As to the actual moving: you move a man for each of the numbers you roll. As in, if you roll a three and a four, then you can move one man three points and one man four points. Or move a single man for both numbers, if you choose. If you roll doubles, you get to move twice for each number. So if you rolled double fives, you could move four men for five points each, or one man for five points and another for 15 points, or two men ten points each, or any combo like that.
The key complication is that you MUST be able to land your man at the end of each move on a “legal” point. Which points are ‘illegal’? The points that your opponent has two or men already occupying. So consider that double five. Maybe you’d like to move the two men on a particular point ten points each…except your opponent has two men sitting on the point five away. Since you cannot legally land on that point, you are unable to move the ten points ever though the point ten points away IS legal.
If there is no legal move available for a number you rolled, you’re out of luck. (You do move the other die’s number, assuming there is a legal move for that number.)
During the bearing off phase, you can remove a man from the point number you rolled OR move a man from one point to another that number away (as in, from the four point to the one point after rolling a three) OR if you don’t have any man on that point or a higher one you can take off a man from the highest available point. Like, you have a five to play, and no men on five to remove, and no man on six you can move down five spaces, then you can remove a man from point four. Or whichever point is the highest you have a man on.
Having a single man on a point is called a ‘blot’ and is dangerous. The other player can still land on that point (it takes two or more men to own a point) and if they do, your man is knocked off the board. Then he has to be reentered in the quadrant the furthest from your home quadrant, meaning a lot more distance to be covered. As you probably predict, the reentry is controlled by your dice roll. Your man comes out onto one of the points you roll and then you move the other number rolled as usual. If you are really unlucky your man won’t be able to come out – you roll a four and a six, but your opponent has two or men on both of those point already, then you lose out that turn completely.
So then the common strategy is to try to make points (get two men on the same point) to deny that point to the other player. If you can’t make a point, try to leave blots (single men) on the points that are most likely to help you gain a useful point in the future, Or maybe leave a blot on the point the opponent is least likely to be able to hit. Or just that will hurt you least if he does hit it. As in, if the opponent hits a blot you’re already gotten most of the way around the track, having to reenter that man all the way back at the start is a major setback.
That’s the basics if you’re just playing for fun.
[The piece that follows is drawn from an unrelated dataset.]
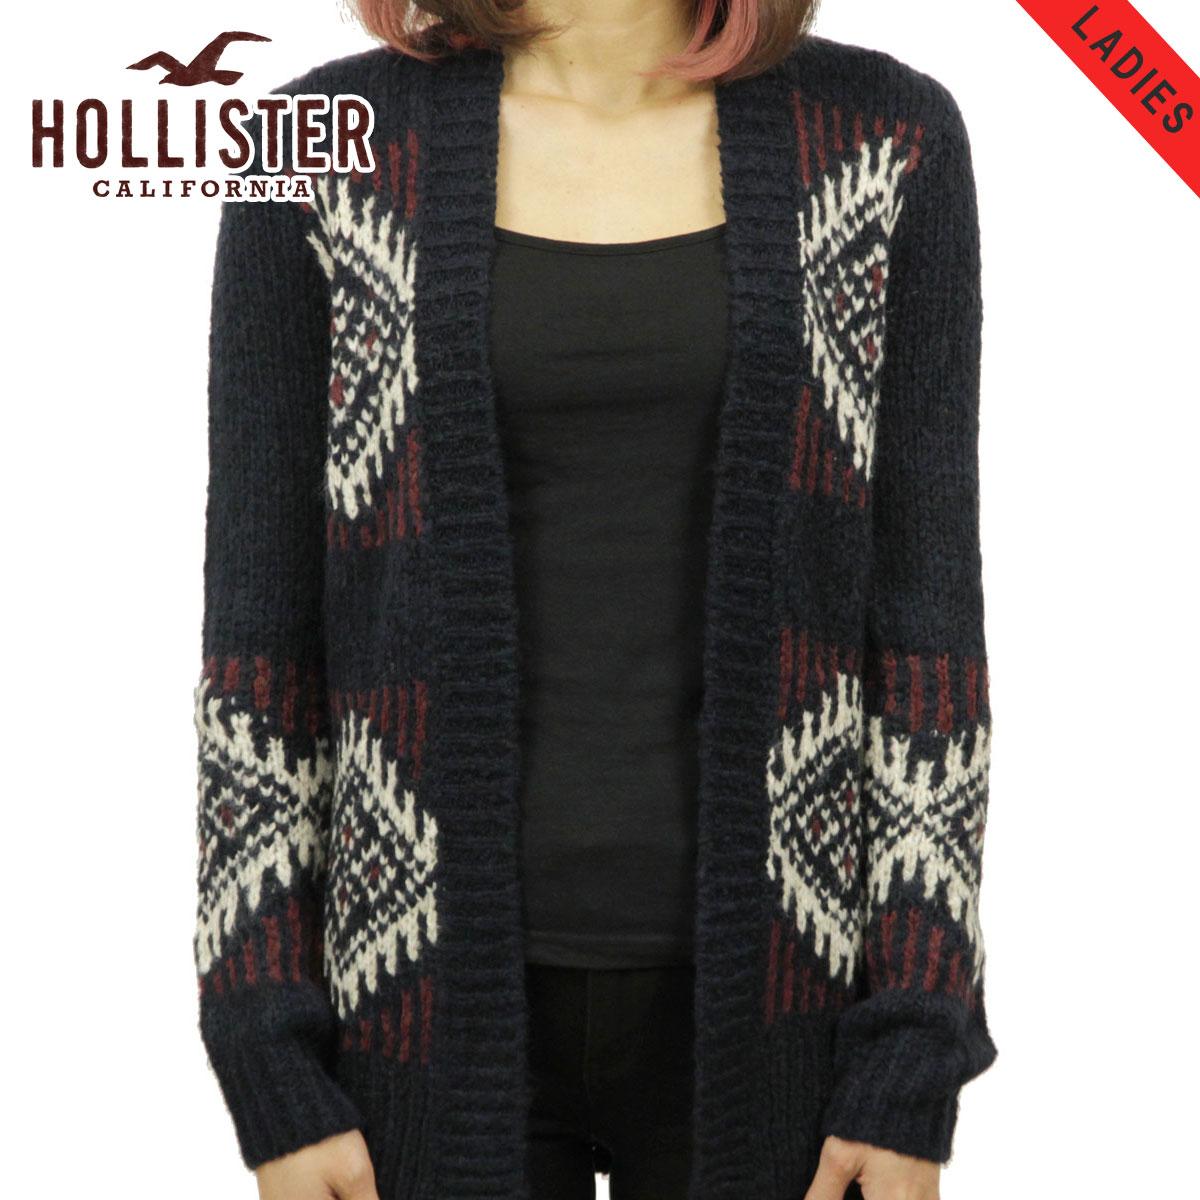 ホリスター セーター レディース 正規品 HOLLISTER カーディガン Cable Knit Cardigan 350-508-0538-208
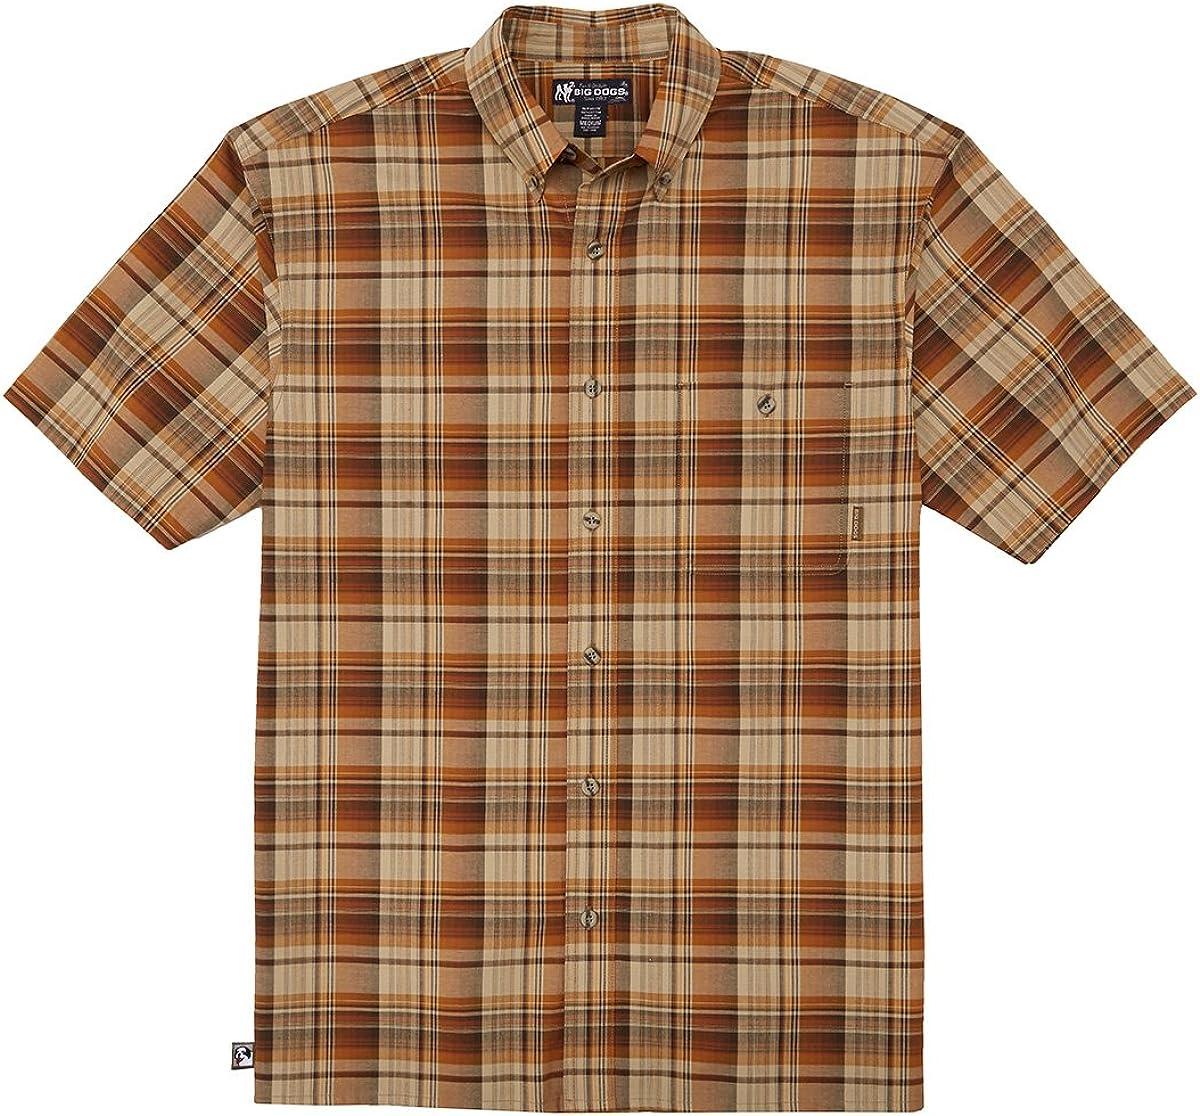 Big Dogs Madras Shirt

However, then there’s the doubling die. Another six sided die, but this one is labeled 2, 4, 8, 16, 32, 64. See, backgammon is mainly played by adults as a gambling game. Suppose you start by agreeing the winner gets one dollar. (Or a nickel, or hundred bucks. Whatever.) Then at some point in the game, you feel you’ve been lucky with your rolls, you turn the die to the 2. Your opponent has to either agree to now play the game for twice the original stakes, two dollars in my example, or else concede and pay the dollar you.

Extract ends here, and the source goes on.